• **TASK PROMPT**
Transcribe the listing below exactly, leaving out each image.

• **STORED DATA**
■ ■ ■ ■ ■

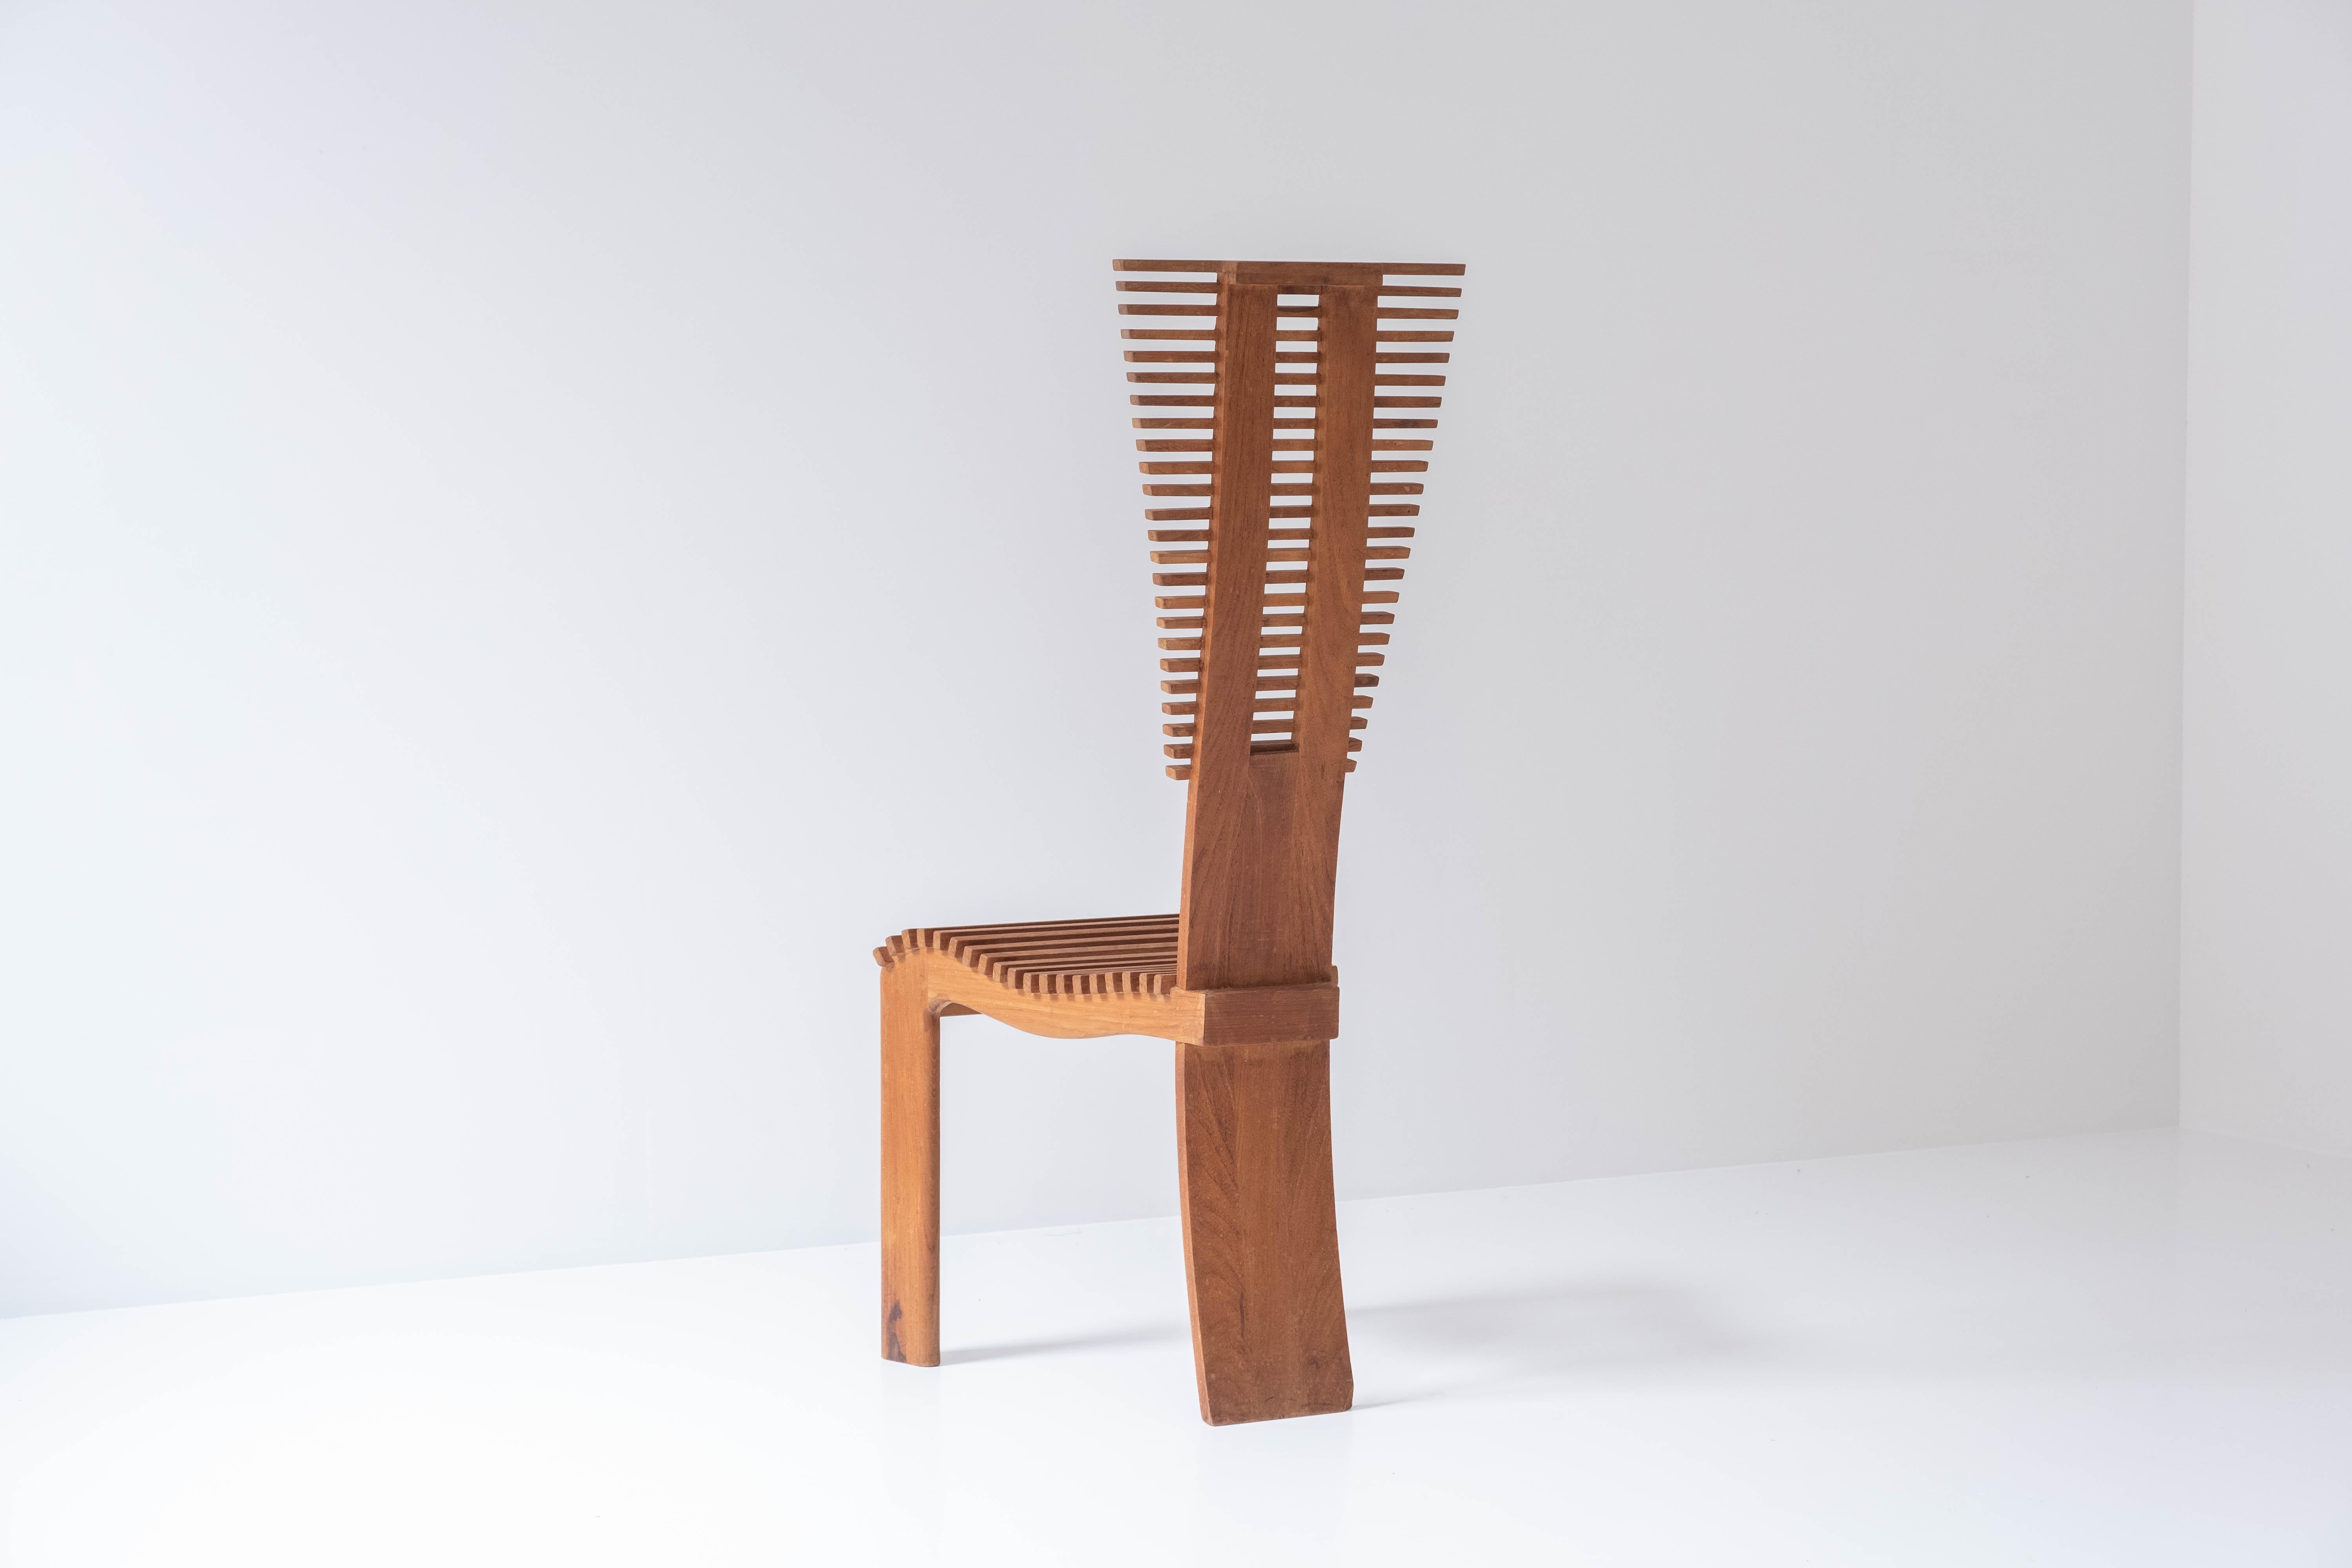 Wunderschönes Set aus vier Hochlehner-Esszimmerstühlen aus den 1960er Jahren. Diese skulpturalen Stühle sind aus Teakholz gefertigt. Die Silhouette und der Rhythmus der Linien machen es zu einem sehr interessanten und ästhetischen Set. Einige
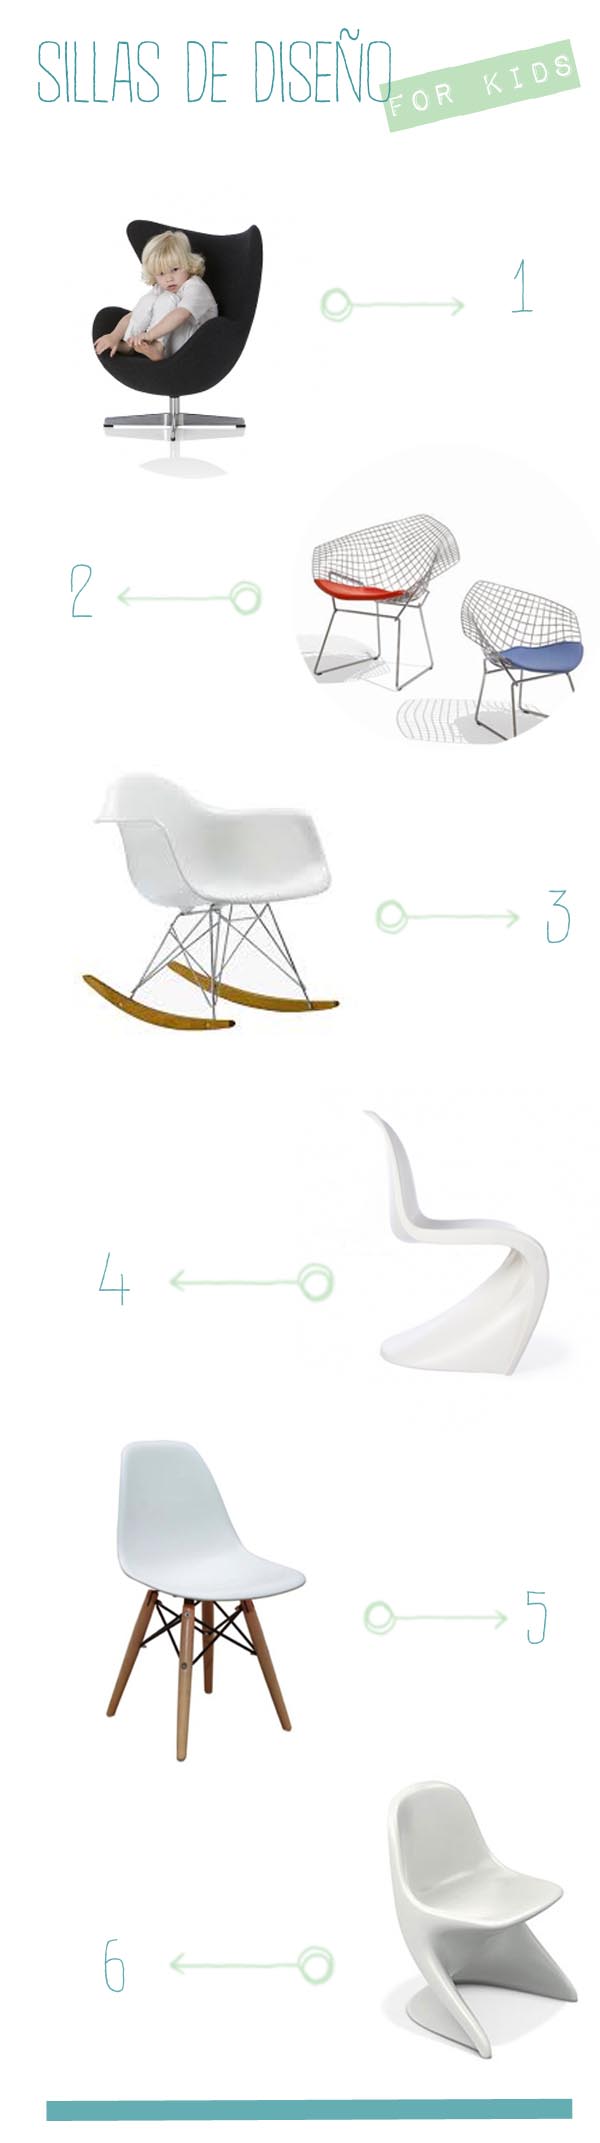 sillas de diseño para niños
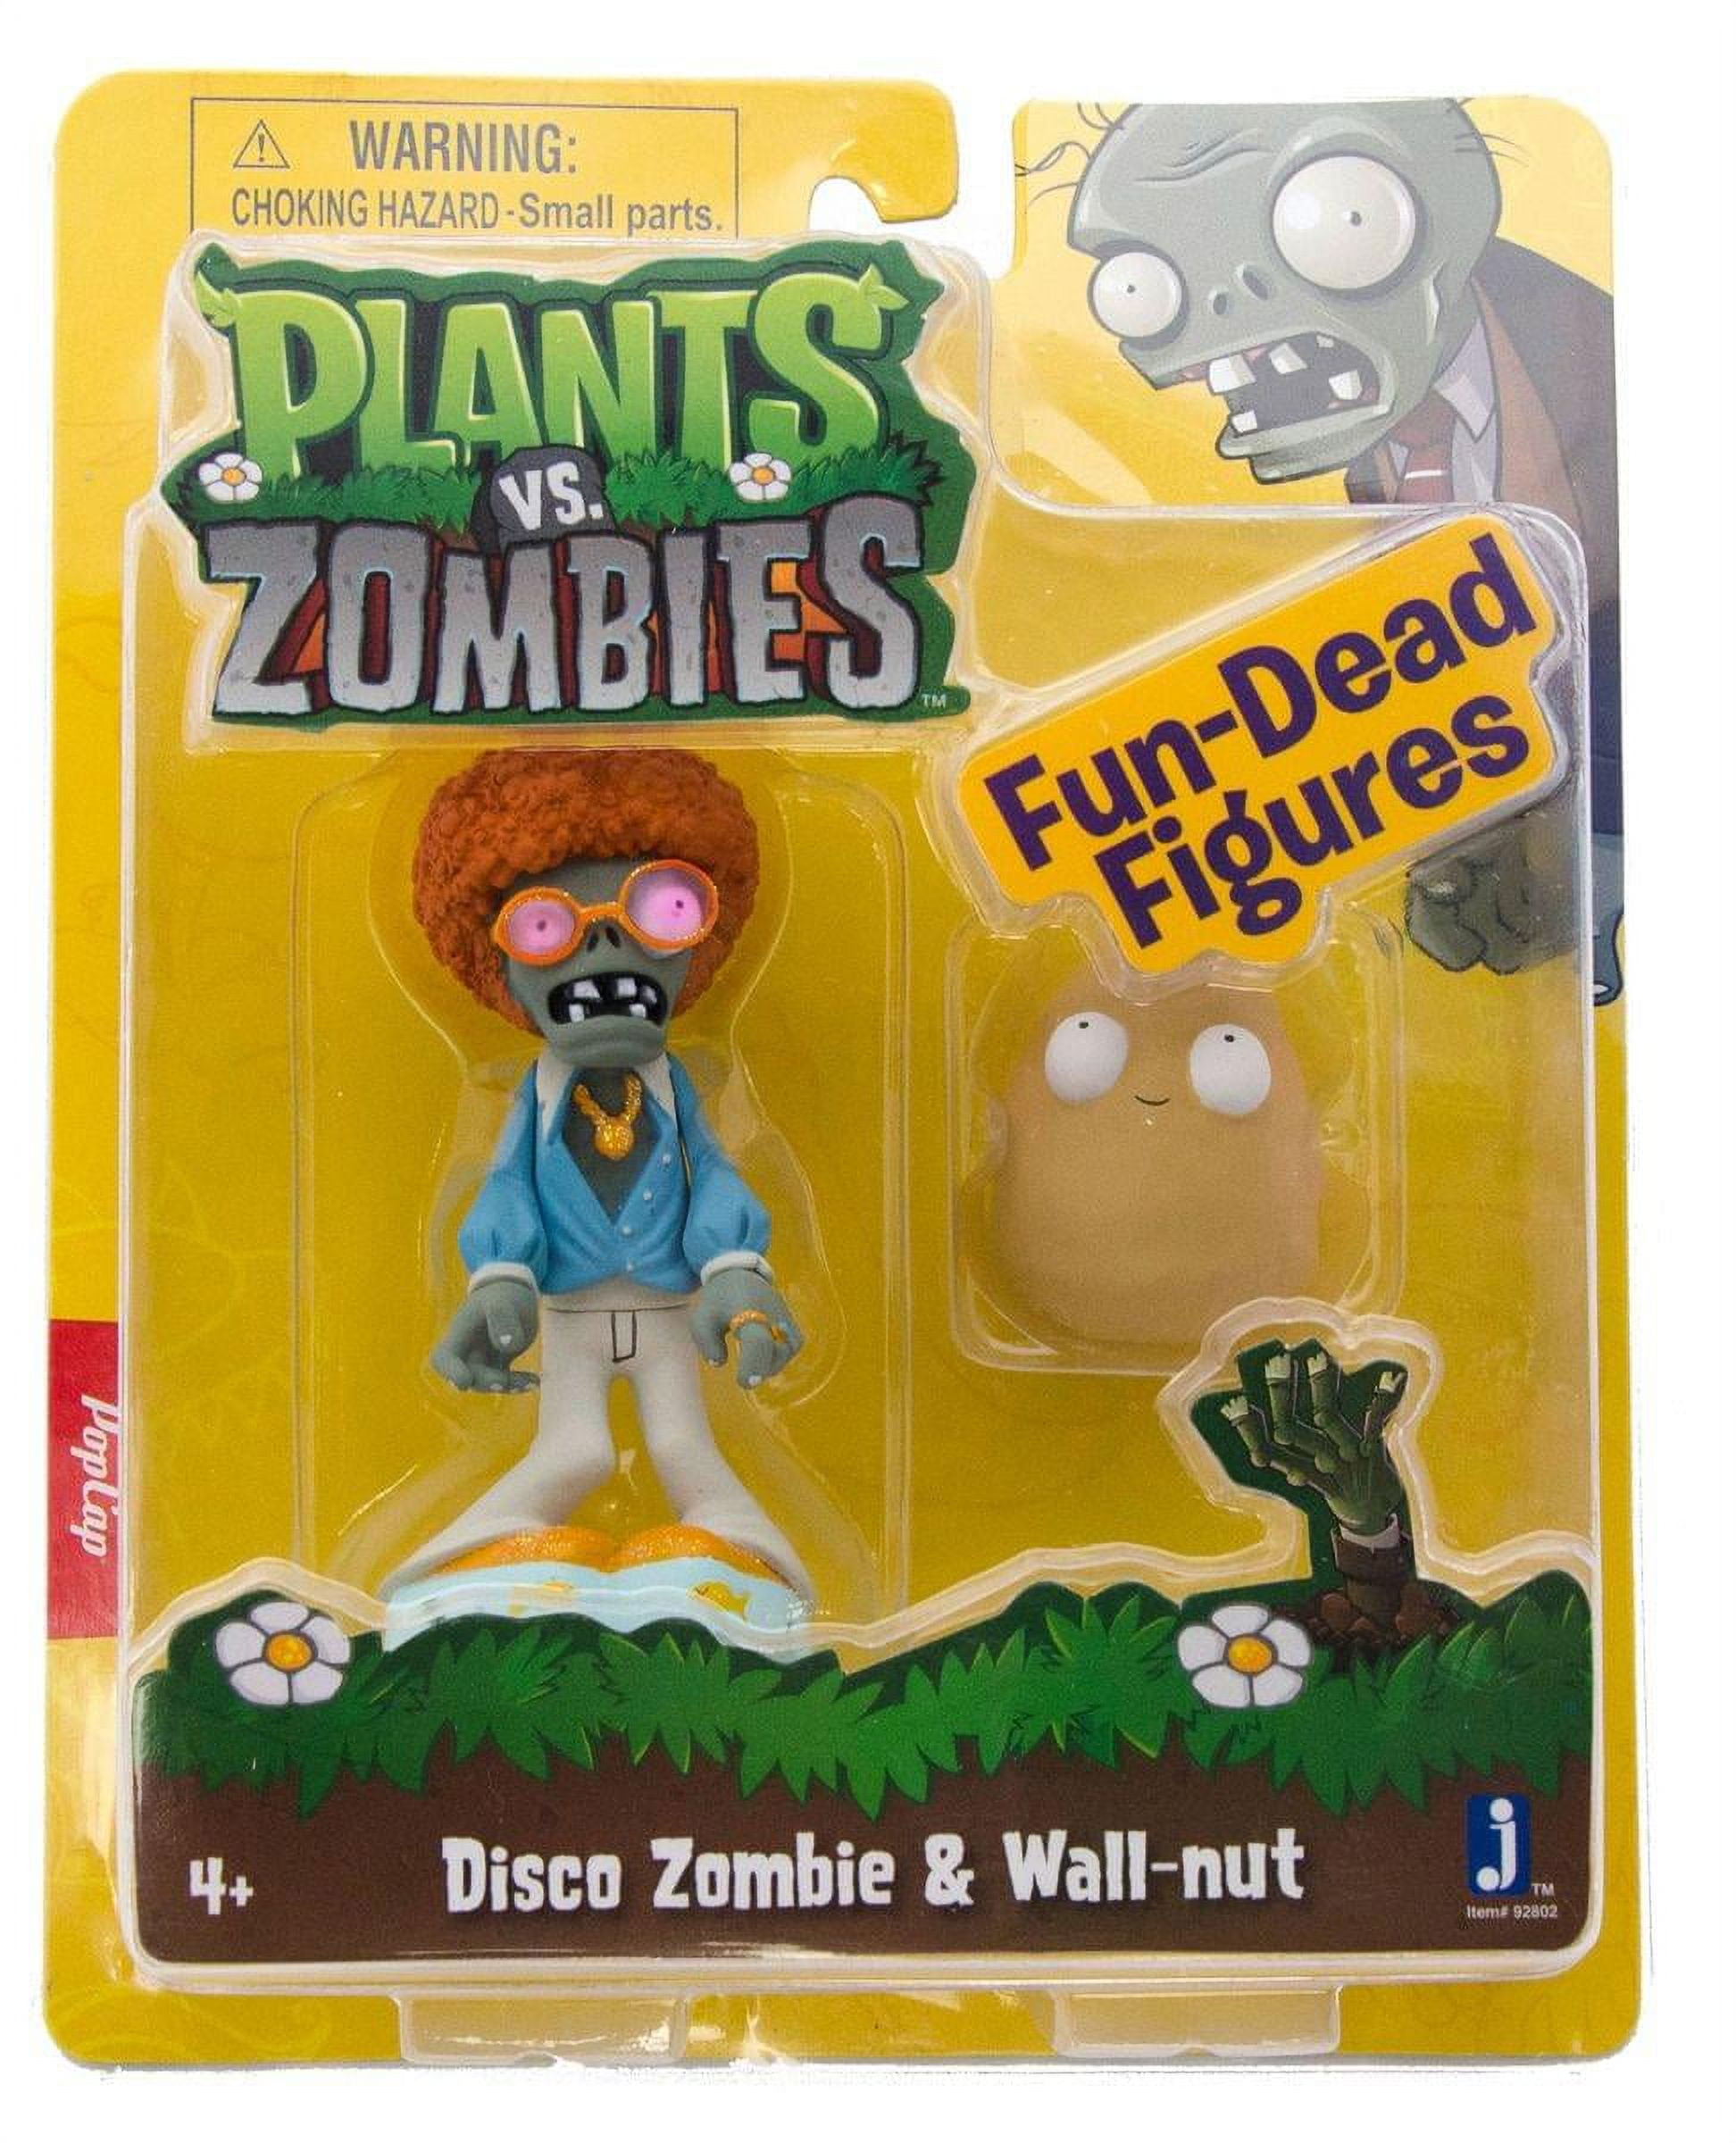 Plants vs. Zombies Fun-Dead Figures Disco Zombie & Wallnut Figure 2-Pack

■ ■ ■ ■ ■

• **TASK RESULT**
 Wunderschönes Set aus vier Hochlehner-Esszimmerstühlen aus den 1960er Jahren. Diese skulpturalen Stühle sind aus Teakholz gefertigt. Die Silhouette und der Rhythmus der Linien machen es zu einem sehr interessanten und ästhetischen Set. Einige
 sillas de diseño para niños
 Plants vs. Zombies Fun-Dead Figures Disco Zombie & Wallnut Figure 2-Pack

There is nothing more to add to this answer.